I reckon the best gift that you could give to anyone with a mortgage is a life insurance policy ... may sound weird I know... but the policy, up to $1 million, will provide peace of mind for them in case the unthinkable happens.
"There is such a high level of underinsurance in Australia and it may entice them to continue on with the policy in future years.
"If giving to a kid under 18, I would simply put into a high interest bearing online savings account and let them watch the benefits of compounding interest and how money makes money.
A very good lesson that can be learnt at a young age.
"Otherwise, for a low-income earner then perhaps an after-tax contribution into their superannuation.
The recipient will also get matching dollar for dollar (up to $1000) from the Government from the superannuation co-contribution."

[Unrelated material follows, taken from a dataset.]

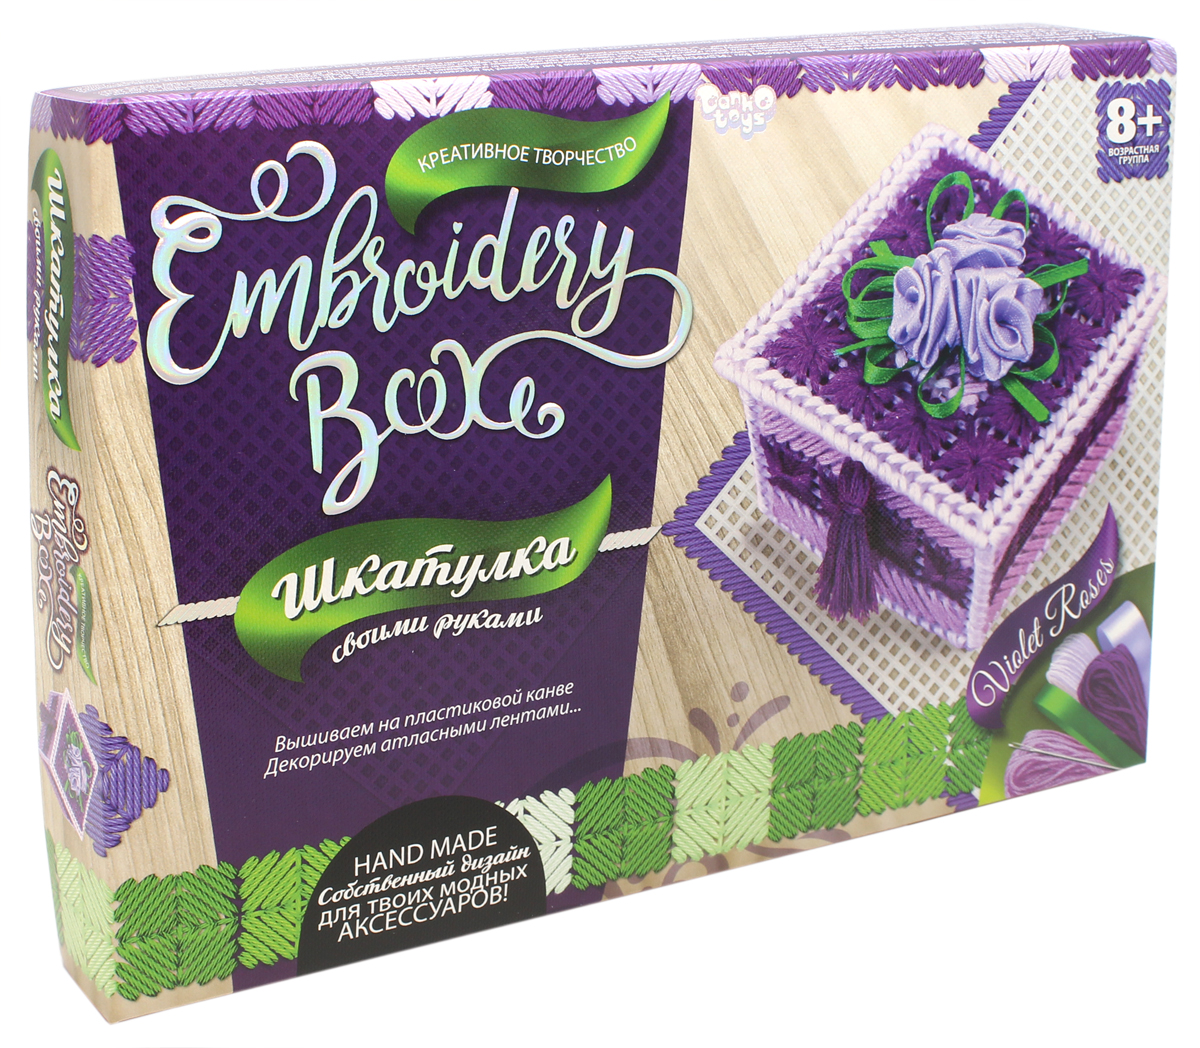 Danko Toys Набор для декорирования Embroidery Box Шкатулка цвет фиолетовый

Glenn Fairbairn, Hewison & Associates, Finance adviser
"FOR amounts above $500, consider gifting your children a parcel of shares in a listed investment company i.e. Australian Foundation or Argo Investments.
These are companies listed on the stock exchange and provide investors with diverse exposure to the Australian share market.
They have an excellent long-term track record, are low cost and do not pay commissions to advisers.
"Or pay for an adviser to prepare a statement of advice.
Look for an independent fee-for-service adviser who will concentrate on an effective long-term strategy and not product.
"And instead of buying your children a new mobile phone or iPod, establish a savings plan for them which will provide them with a greater long-term benefit.
From this they will learn the power of compound earnings and the value of savings.
"Or you could provide an incentive to save or pay off debt without doing it for them.
For every dollar they save or pay, credit-card match it dollar for dollar."
Ben Potter, IG Markets, Research analyst
"AS Along-term, five, six, 10-year investment gift, we would be looking at the MSCI Emerging Markets Index Exchange Traded Fund as either physical shares or as a contract for difference.
"With Australian investors becoming increasingly savvy and looking further abroad for better market returns, we feel this sector of the market is primed for growth over the coming decade.
"You only have to look at the year-to-date outperformance from the emerging market world to realize that a lot of people are positioning themselves for the long-term growth from these fast-developing economies.
"As with all investment strategies, especially those involving leverage like CFDs, you should always use a stop-loss and money management strategy to help protect your downside risk."